No, Bill that is not what you were saying before at all, basically you were saying that women who have short hair are to lazy to take care of long hair, and if they let that go then they let other things go, meaning lazy, fat, all the other horrible things you have said about women. What you wrote in my experience is patently FALSE, and that YOU are single for a reason, I have seen pictures of you, you ain't that fancy, clean or well cared for, hair cuts and such, most of the women here take better care of their property and themselves than you do. Heck you haven't had running water until what a week ago?


----------



## rkintn (Dec 12, 2002)

Laura Zone 10 said:


> I tried. I really did. I tried not to respond......
> I just can't help it.
> 
> I cannot believe you said this.
> ...



Sadly, he's for real.


----------



## oneraddad (Jul 20, 2010)

Here's the deal Bill, I've noticed in all the pictures of yourself, that you need a hair cut and I just read in another thread you have a 50" waist. Plus you have nothing in the bank, how attractive do you think that is ?


----------



## FarmerJoe (Nov 14, 2009)

It seems to me that if you wanted to know what hair men preferred, the poll should ask men. So I'm going to say I prefer women who are not bald. I'm superficial in that way I guess. Some do better with long, some short. I'll notice her hair, but a nice smile will catch my eye.


----------



## AmericanStand (Jul 29, 2014)

FarmerJoe said:


> It seems to me that if you wanted to know what hair men preferred, the poll should ask men. So I'm going to say I prefer women who are not bald. I'm superficial in that way I guess. Some do better with long, some short. I'll notice her hair, but a nice smile will catch my eye.



You know I used to think that but then I met a bald girl who I really liked. 

But I still like long hair.


----------



## Laura Zone 5 (Jan 13, 2010)

FarmboyBill said:


> Sad to say, but I am.
> 
> (That she prefers men who are not shallow and only look for superficial things,)(And attract men who are only interested in her, the person, not her hair or any other superficial thing).
> 
> Appairantly, men who are NOT SHALLOW are VERY few, as I hear over and over from you gals that alla we men are shallow and look at/for those superficial things.


'you gals'
Not me.
I truly believe that there are men with honor, integrity, courage, commitment, and are not all the 'visual pigs' YOU portray them to be.



> AND IF she isn't using those SUPERFICIAL THINGS to A T T R A C T men, then how DOES she ATTRACT men, and, Hows that been working out so far????


1. None of your business.
2. None of your business.
3. That was not your 'question or poll'......ask her via PM.



> FINALLY, How can a man find out about (her, the person), IF there isn't some attractant that causes them to want to try to find out about her, the person.


A woman's hair, rear end, and rack DO NOT, let me repeat DO NOT determine who she is.
At least not to men with any substance.
Not to men who are worth her time........

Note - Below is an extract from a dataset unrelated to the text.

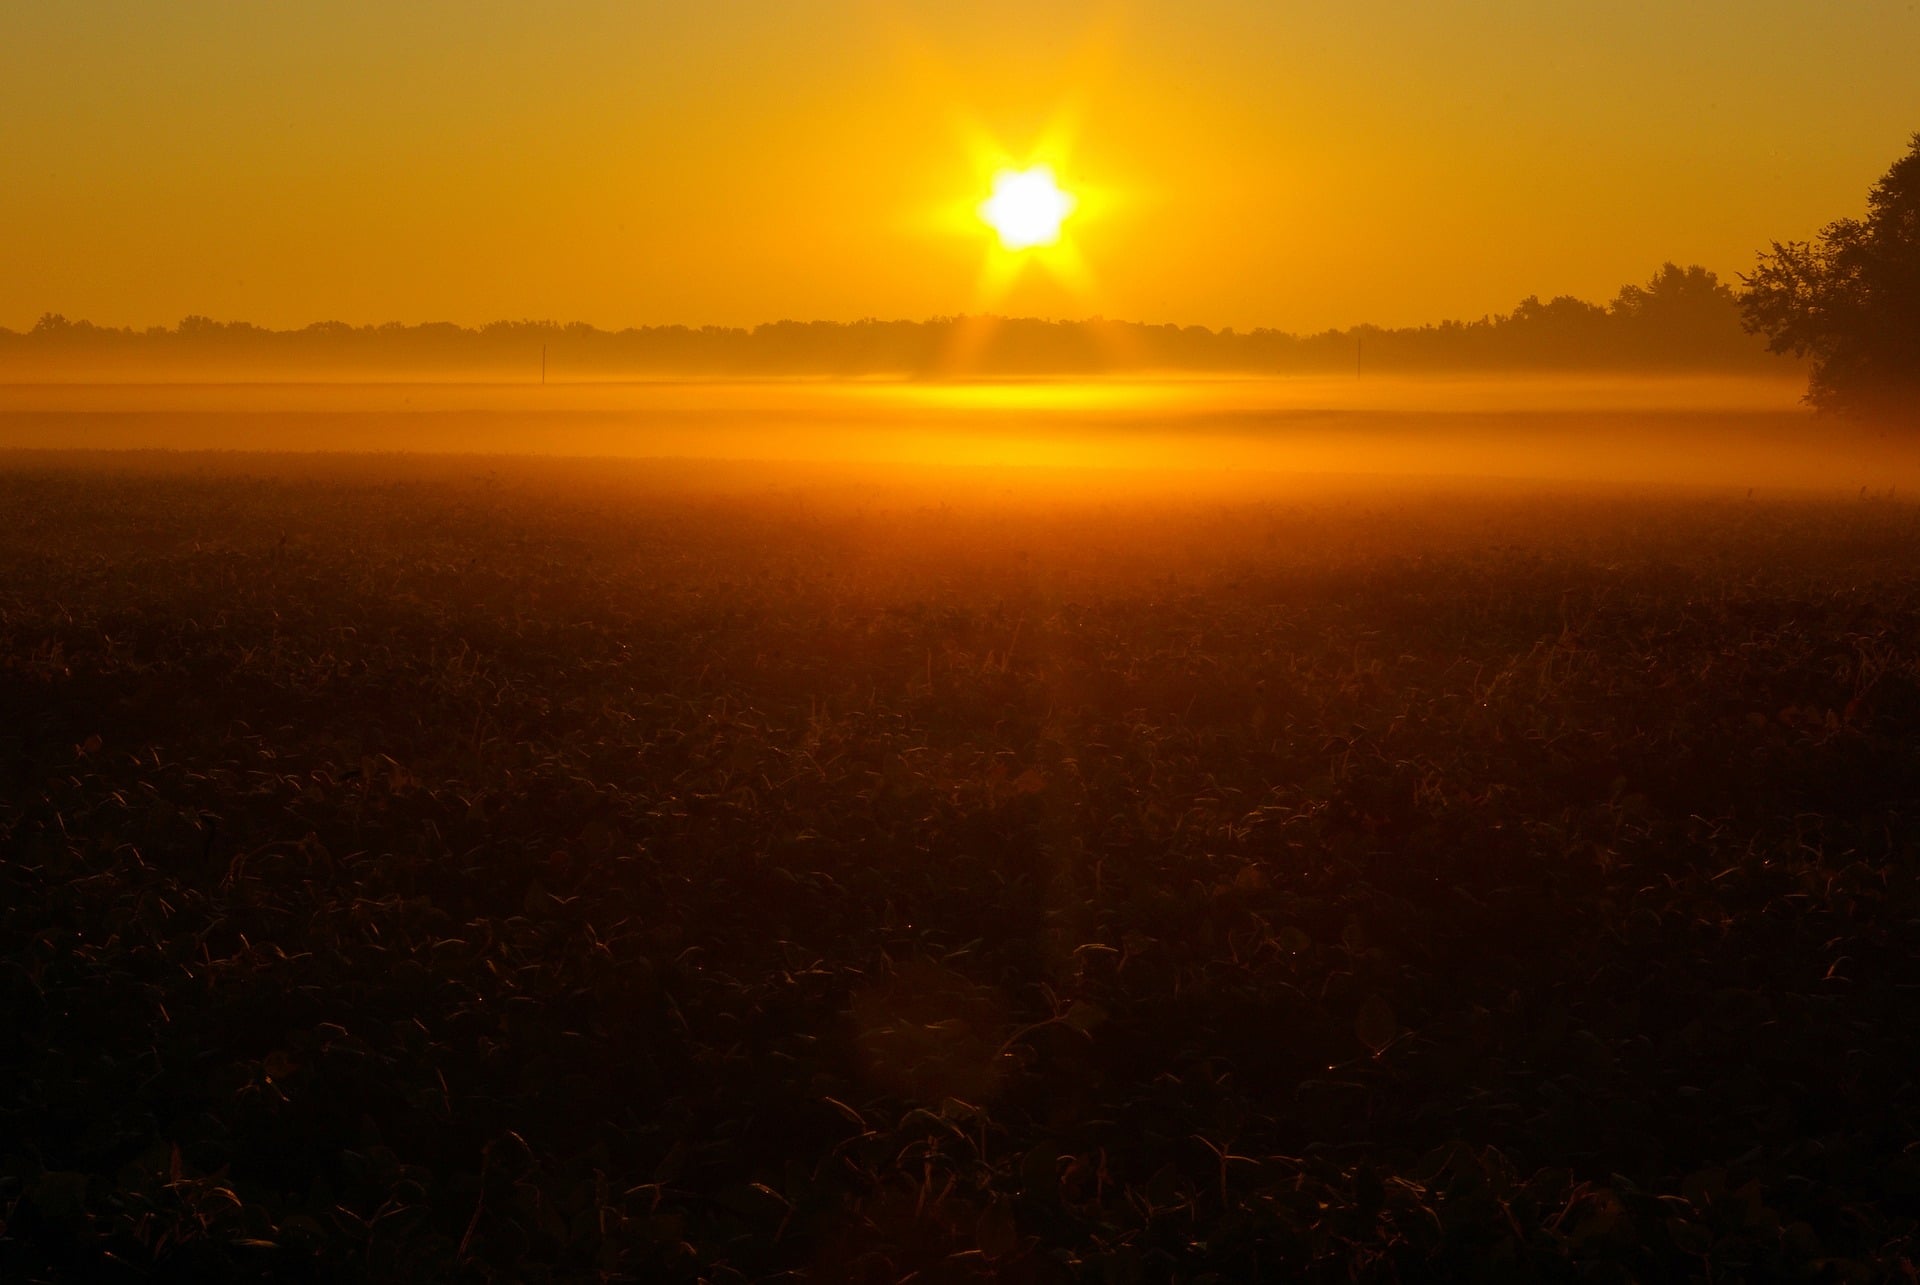 Sunrise over field
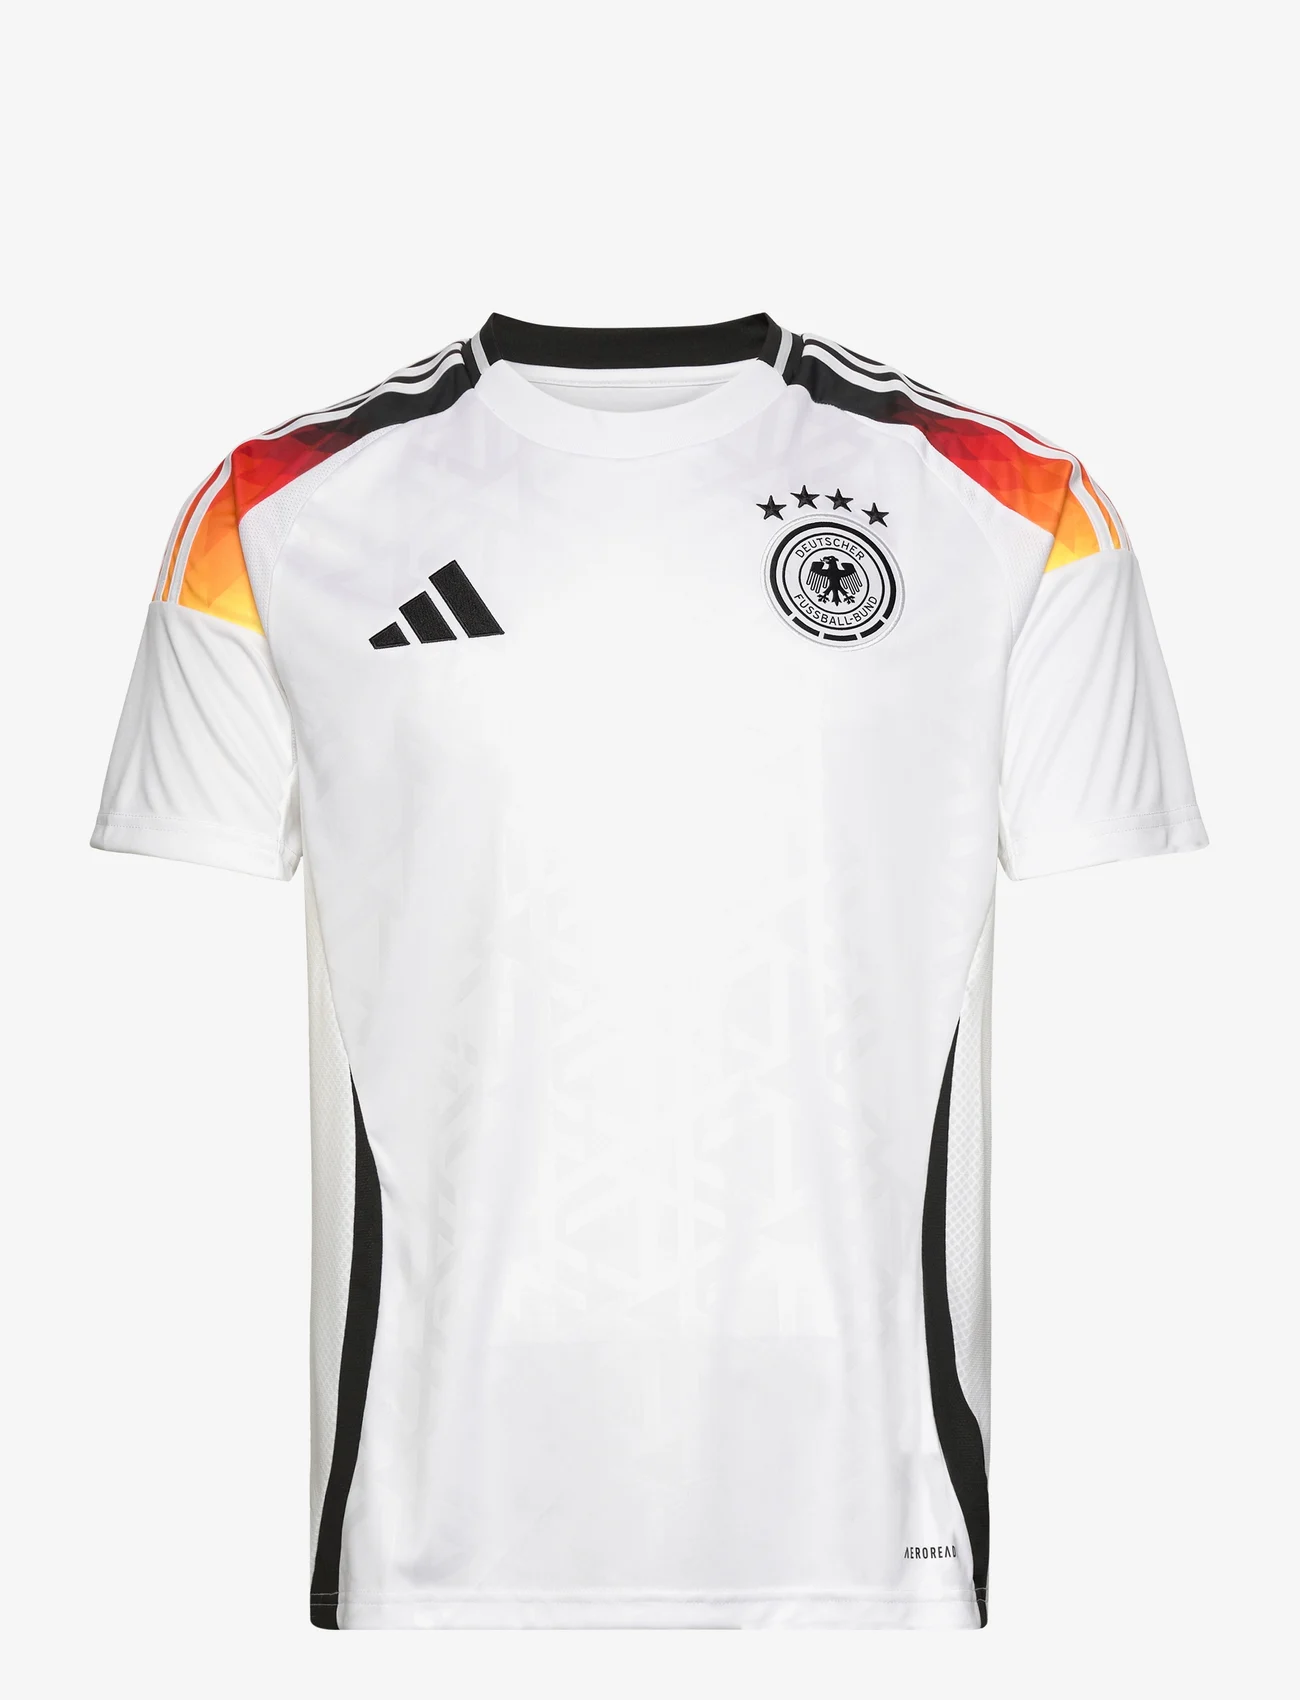 adidas Performance - DFB H JSY - koszulki piłkarskie - white - 0

> IF I was, say 38, and I was walking down the street, and had a huge bulge in my hip pocket, THAT might be an attractant for a woman to follow me to see what I might be like. IF, then, she saw me buy dinner at the finest eatery in town, and open a huge wallet filled with lettuce to pay the bill and leave a grand tip, then she might want to find out more about what the inner man might be like.
> 
> That's somewhat the same idea.


I am cracking up that you are for real.

1. You are not 38, and haven't been for a long time. Turn the page, move on.

2. A wad of cash in your pocket, attracts a certain kind of person.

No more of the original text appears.